Après l'Europe, le Fonds monétaire international (FMI) a ouvert une nouvelle ligne de front au Maghreb et au Proche-Orient, une région qui lui est moins familière et qui cherche encore son équilibre après le printemps arabe.
Chamboulées par les révolutions de 2010-2011, l'Egypte et la Tunisie négocient avec le Fonds une aide financière, tandis que la Libye, riche en or noir, bénéficie d'une assistance technique.
Le FMI s'est également porté au chevet de pays fragilisés par l'onde de choc du printemps arabe: en août, la Jordanie a obtenu un prêt de 2 milliards de dollars et le Maroc s'est vu accorder un crédit de "précaution" de 6 milliards.
L'attention du Fonds n'est pas que financière.
La semaine dernière, sa directrice générale, Christine Lagarde, a signé une tribune dans le Financial Times appelant les nations arabes à "des mesures politiques urgentes" pour éviter que l'espoir né de la révolution ne retombe.
Son numéro deux, David Lipton, n'est pas en reste, qui multiplie discours et déplacements dans la région.
Pourquoi un tel activisme?Selon M. Lipton, la région dispose d'un "formidable potentiel de croissance" que le FMI ne peut ignorer au moment où l'économie mondiale tourne au ralenti.Hors pétrole, les exportations cumulées des pays de la région ne pèsent aujourd'hui pas plus que celles...de la Belgique, aime-t-il à rappeler.
Mais l'institution a également ses propres raisons.Avant les révolutions arabes, le FMI a été un ardent défenseur de l'austérité dans la région et, comme en Afrique noire, il a été accusé d'imposer des plans d'aide peu adaptés aux réalités locales.
"Réformes économiques douloureuses"
"Beaucoup de pays arabes étaient sur le point de tourner le dos au FMI", explique à l'AFP Ibrahim Saif, chercheur au Carnegie Endowment for International Peace, un centre de réflexion de Washington.
Les inégalités sociales, au coeur des révolutions arabes, ont été parfois mises "sur le dos" de l'institution de Washington, a-t-il souligné.
Aujourd'hui, le FMI affirme avoir compris le message et ne jure plus que par des programmes "locaux", élaborés avec les autorités du pays et plus attentifs aux inégalités sociales.
"Au moment où nous nous engageons plus étroitement dans la région, nous avons compris que nous devions davantage expliquer le rôle du FMI", rappelait M. Lipton en novembre, assurant que la société civile et les syndicats seraient associés aux discussions.
La tâche du FMI ne sera pas de tout repos, comme l'a montré le cas égyptien.
En décembre, les autorités du Caire ont suspendu un pré-accord sur un prêt de 4,8 milliards de dollars en raison des troubles politiques.L'approche d'élections dans le pays, mais également en Tunisie, pourrait par ailleurs soulever une nouvelle vague d'instabilité.

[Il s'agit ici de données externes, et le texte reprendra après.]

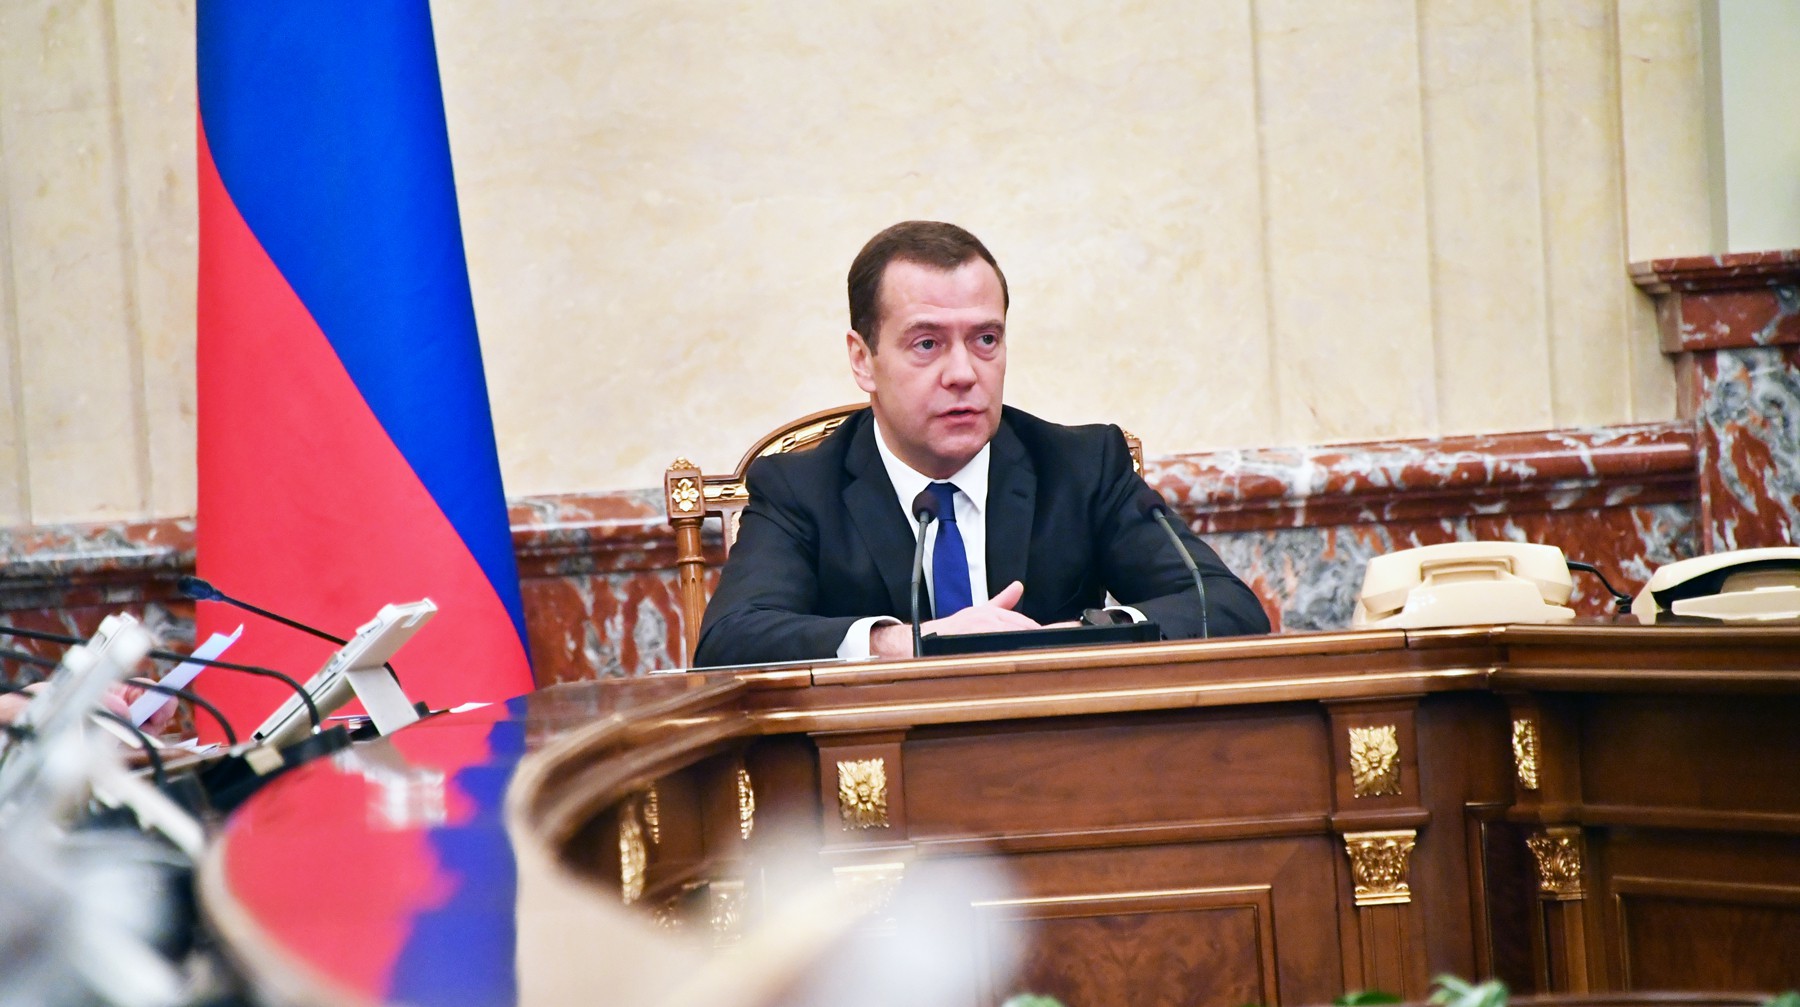 Dailystorm - Коней на переправе не меняют. Сохранит ли Медведев свой пост в новой конфигурации правительства?

"Les élections sont toujours des moments difficiles", reconnaissait récemment Masood Ahmed, chef du département du Moyen-Orient au FMI.
La situation économique des pays en transition, plombés par la fuite des capitaux et la flambée des déficits, alourdit encore davantage le climat.
"Il y a un immense besoin de réformes économiques douloureuses (...) et toute tentative du FMI (de les mener à bien) rencontrera une forte résistance", prédit Zubair Iqbal, chercheur au Middle East Institute et ancien expert au FMI.
Certains groupes religieux ont déjà fait savoir qu'ils voyaient d'un très mauvais oeil les discussions avec l'institution de Washington qui devra en plus, à l'avenir, évaluer l'application des réformes avant de débloquer ses tranches d'aide.
"Le FMI sera dans l'oeil du cyclone et sera tenu pour responsable à chaque fois qu'un pays sera dans l'incapacité de mettre en oeuvre son programme de réformes, et qu'une crise en découlera", assure à l'AFP M. Iqbal.